▸ **SOURCE MATERIAL**

# # # # #

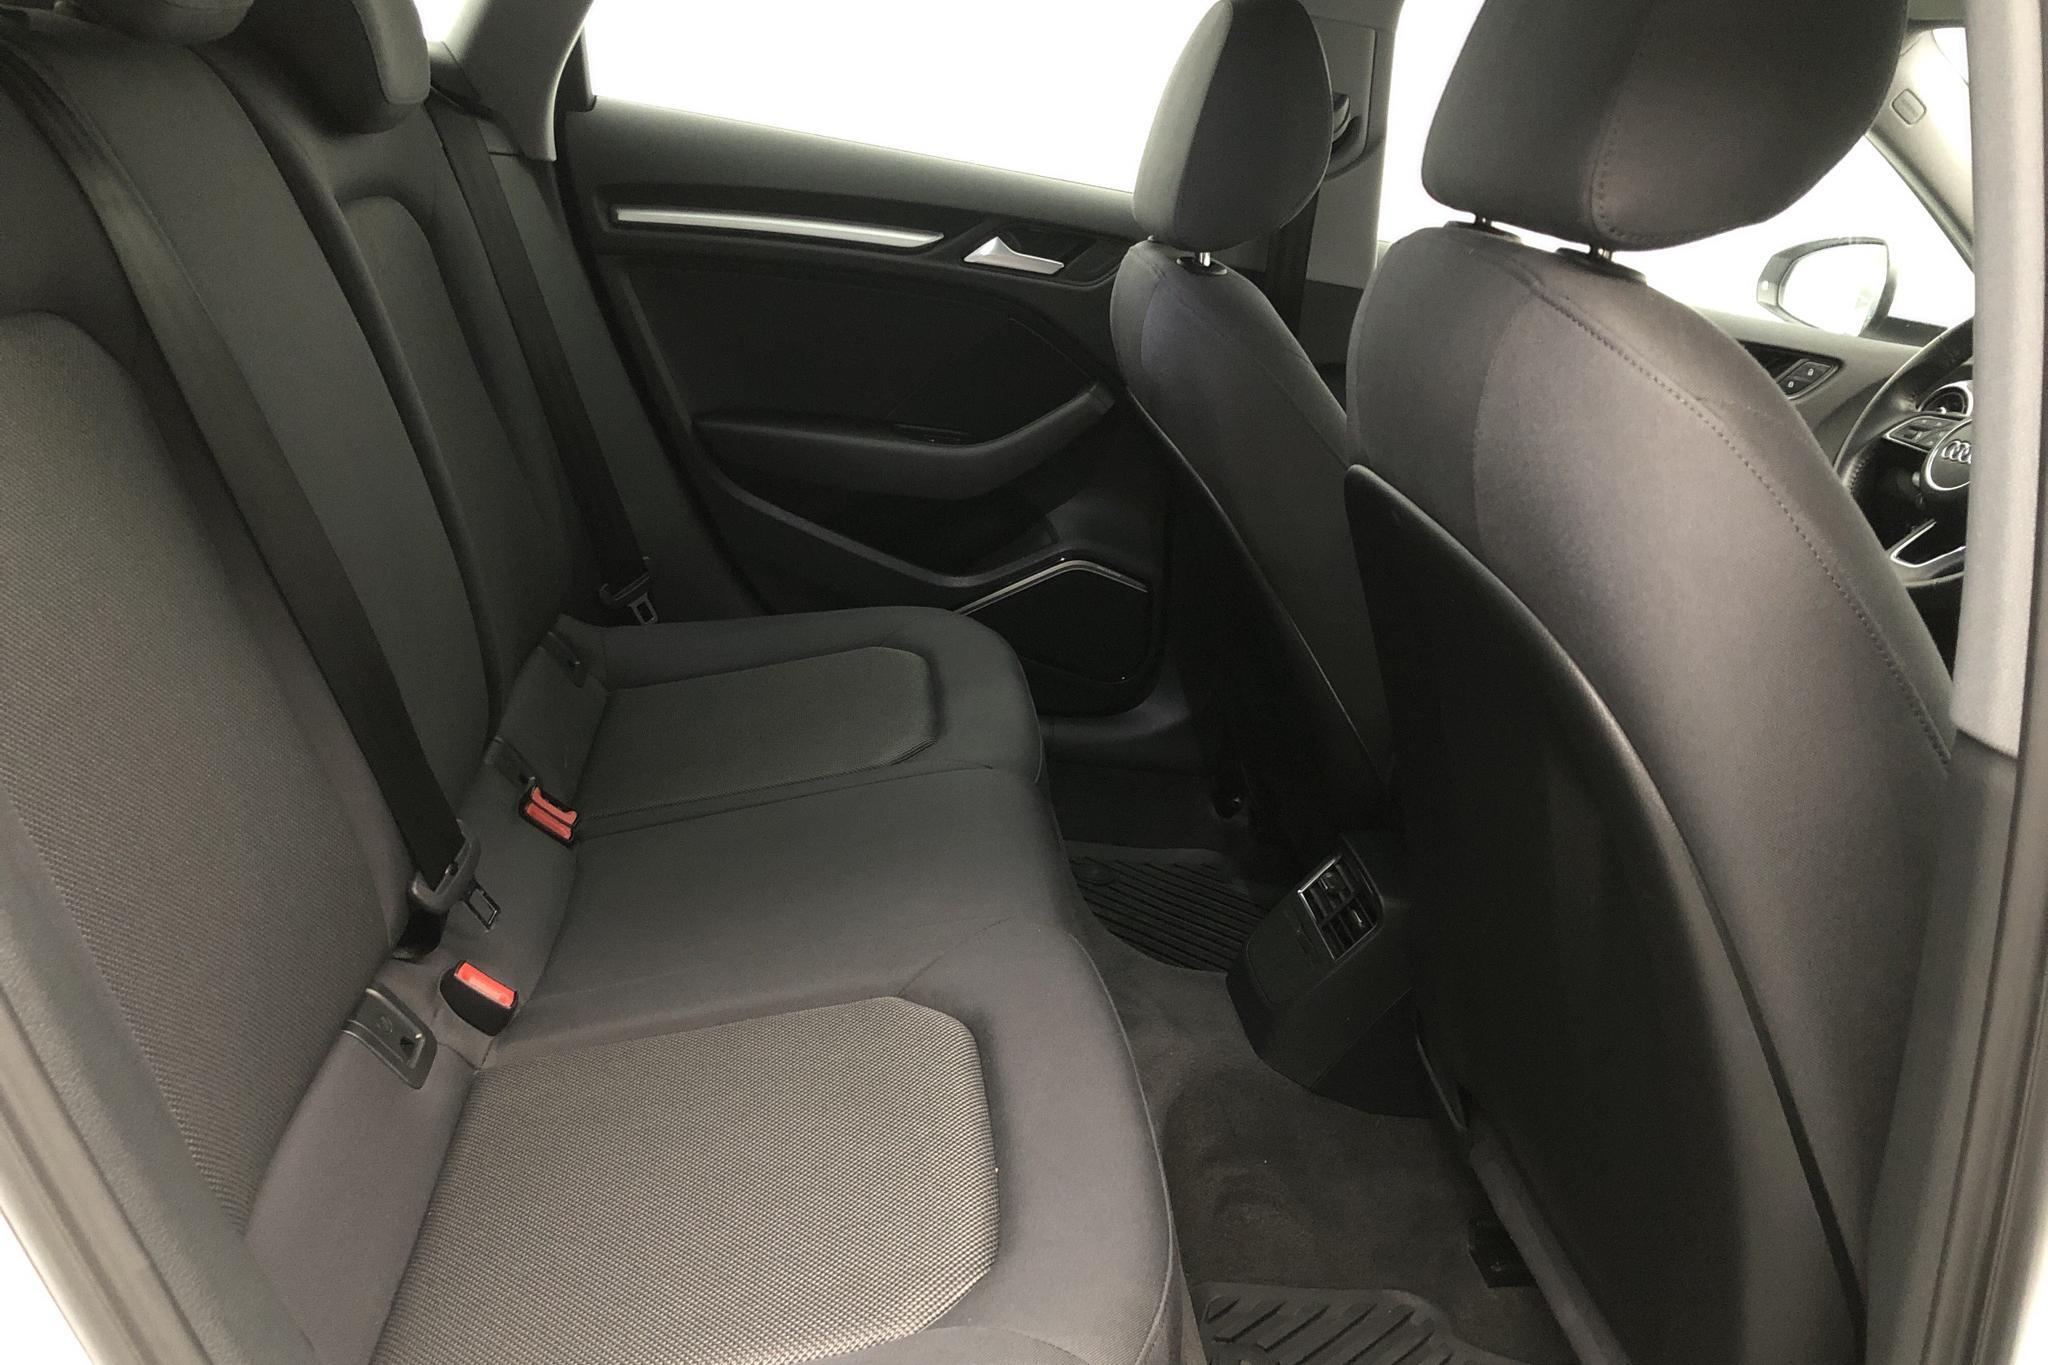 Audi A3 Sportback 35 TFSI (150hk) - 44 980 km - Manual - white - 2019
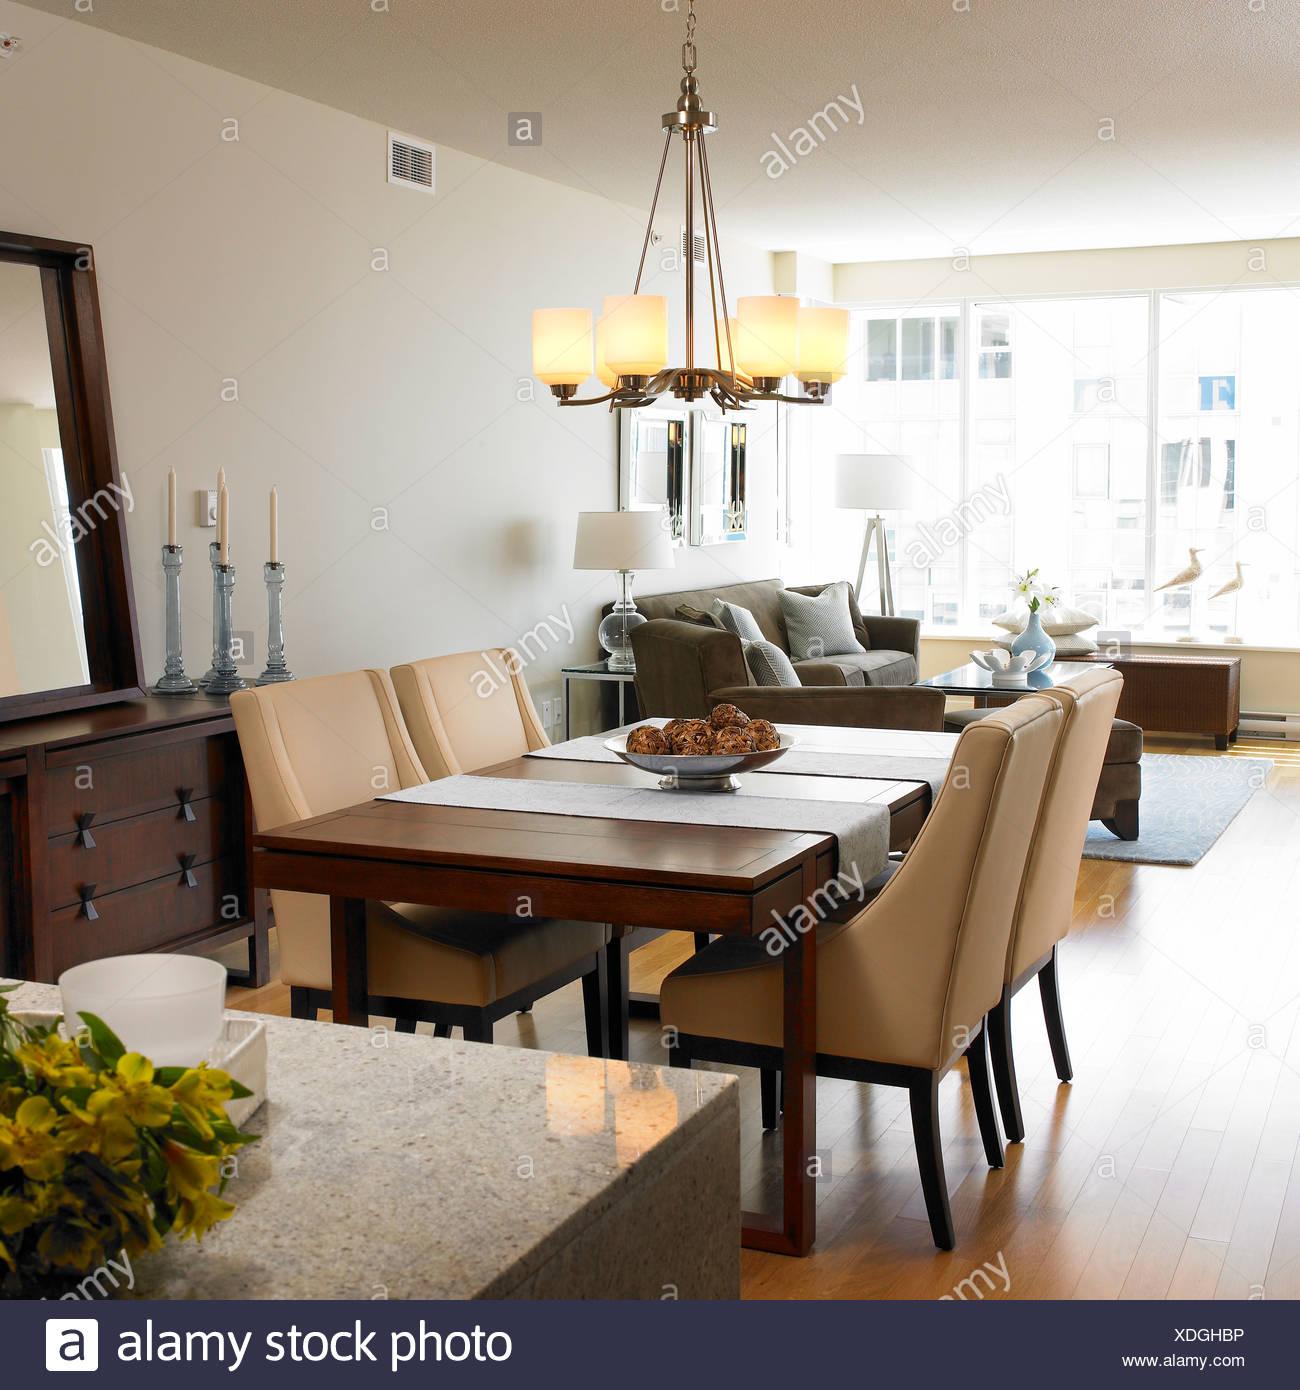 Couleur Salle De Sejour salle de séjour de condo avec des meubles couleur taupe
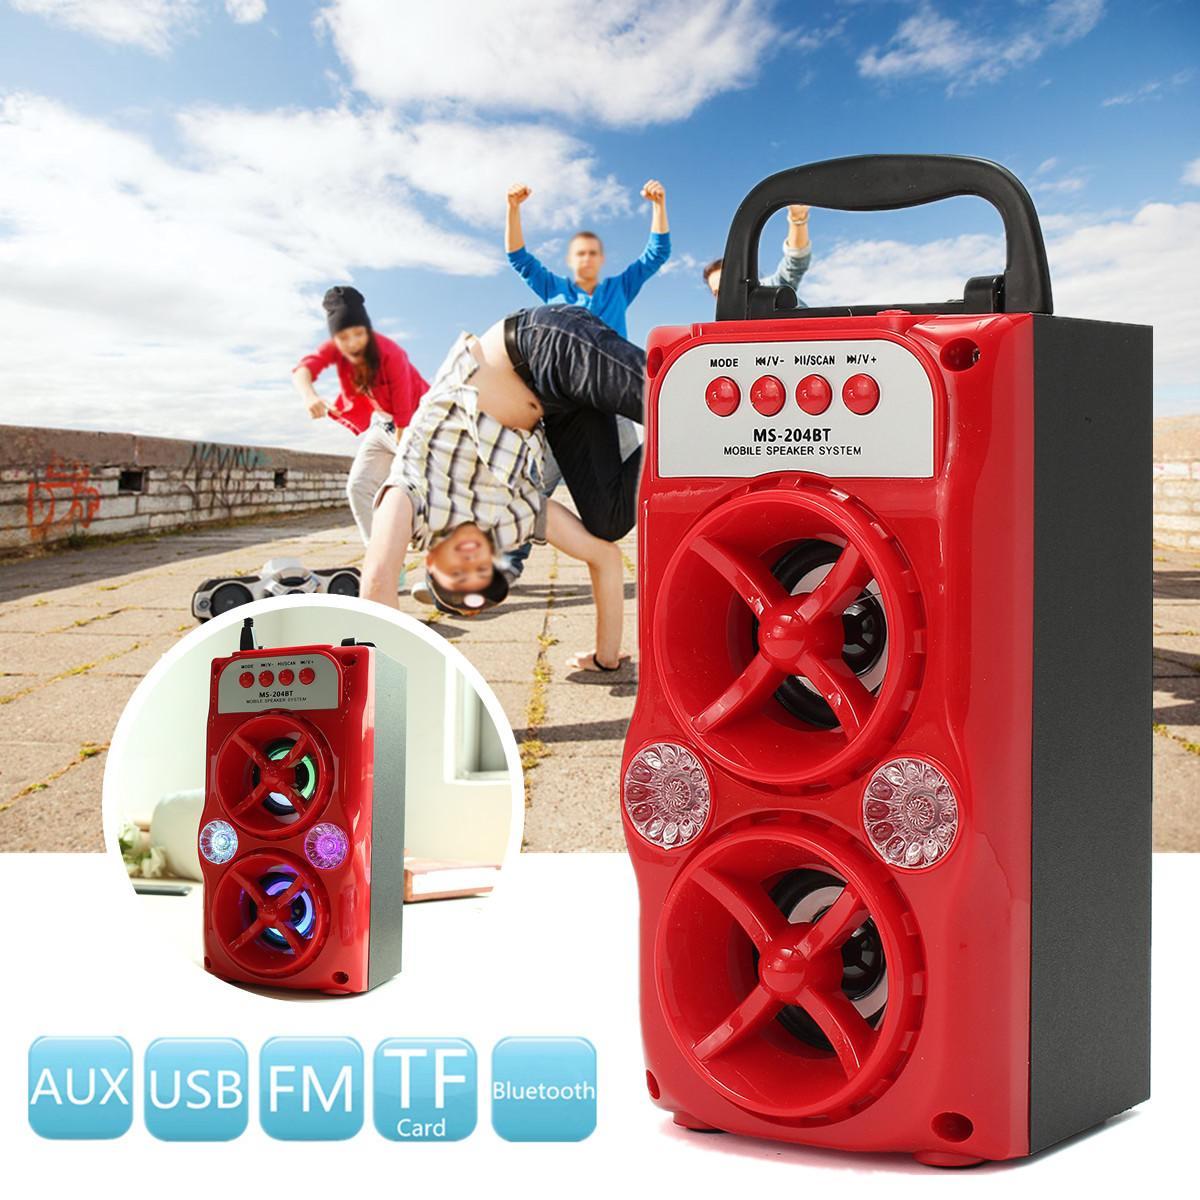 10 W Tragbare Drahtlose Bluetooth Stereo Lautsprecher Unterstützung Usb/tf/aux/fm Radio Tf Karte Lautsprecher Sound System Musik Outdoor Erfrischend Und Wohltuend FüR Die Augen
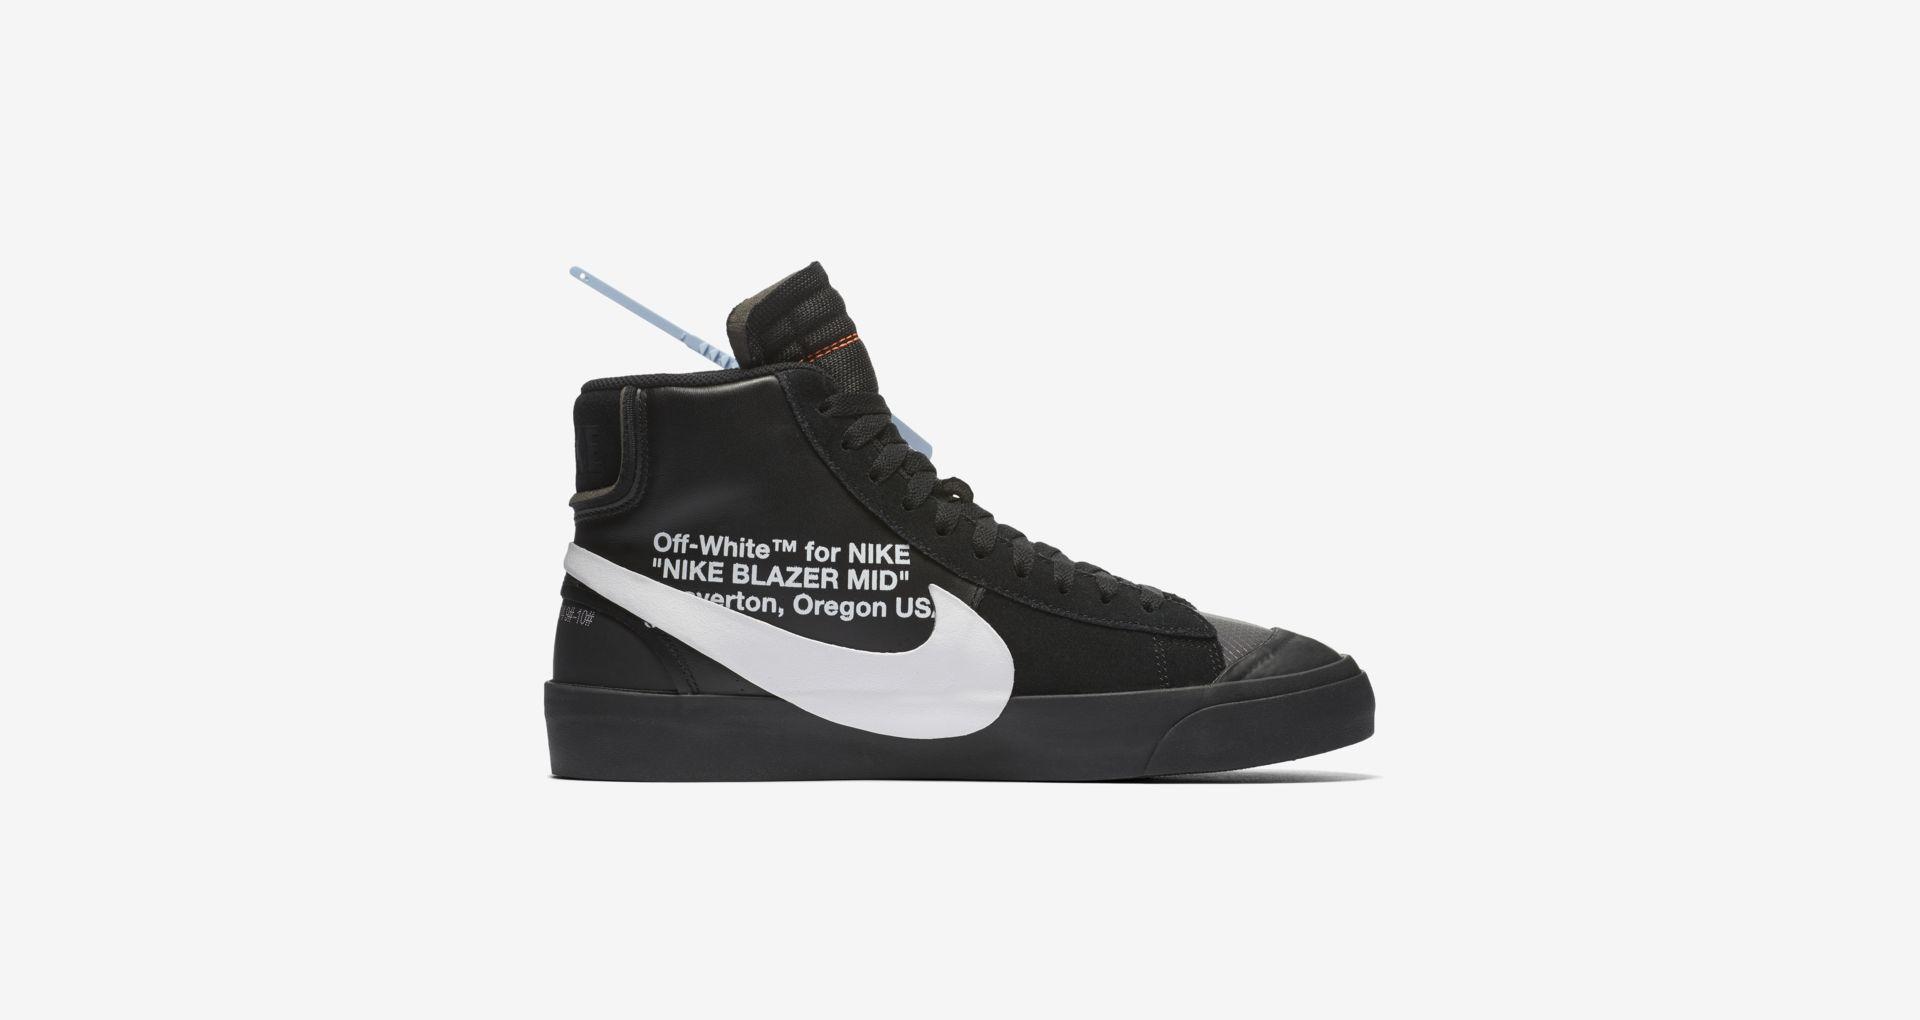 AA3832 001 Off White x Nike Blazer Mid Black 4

# # # # #

▸ **EXERCISE PROMPT**
Write out, word for word, the line containing "10 W Tragbare" and each line after it to the end of the data, and nothing more. Drop the pictures.

▸ **ANSWER TO THIS PROBLEM**
 10 W Tragbare Drahtlose Bluetooth Stereo Lautsprecher Unterstützung Usb/tf/aux/fm Radio Tf Karte Lautsprecher Sound System Musik Outdoor Erfrischend Und Wohltuend FüR Die Augen
 AA3832 001 Off White x Nike Blazer Mid Black 4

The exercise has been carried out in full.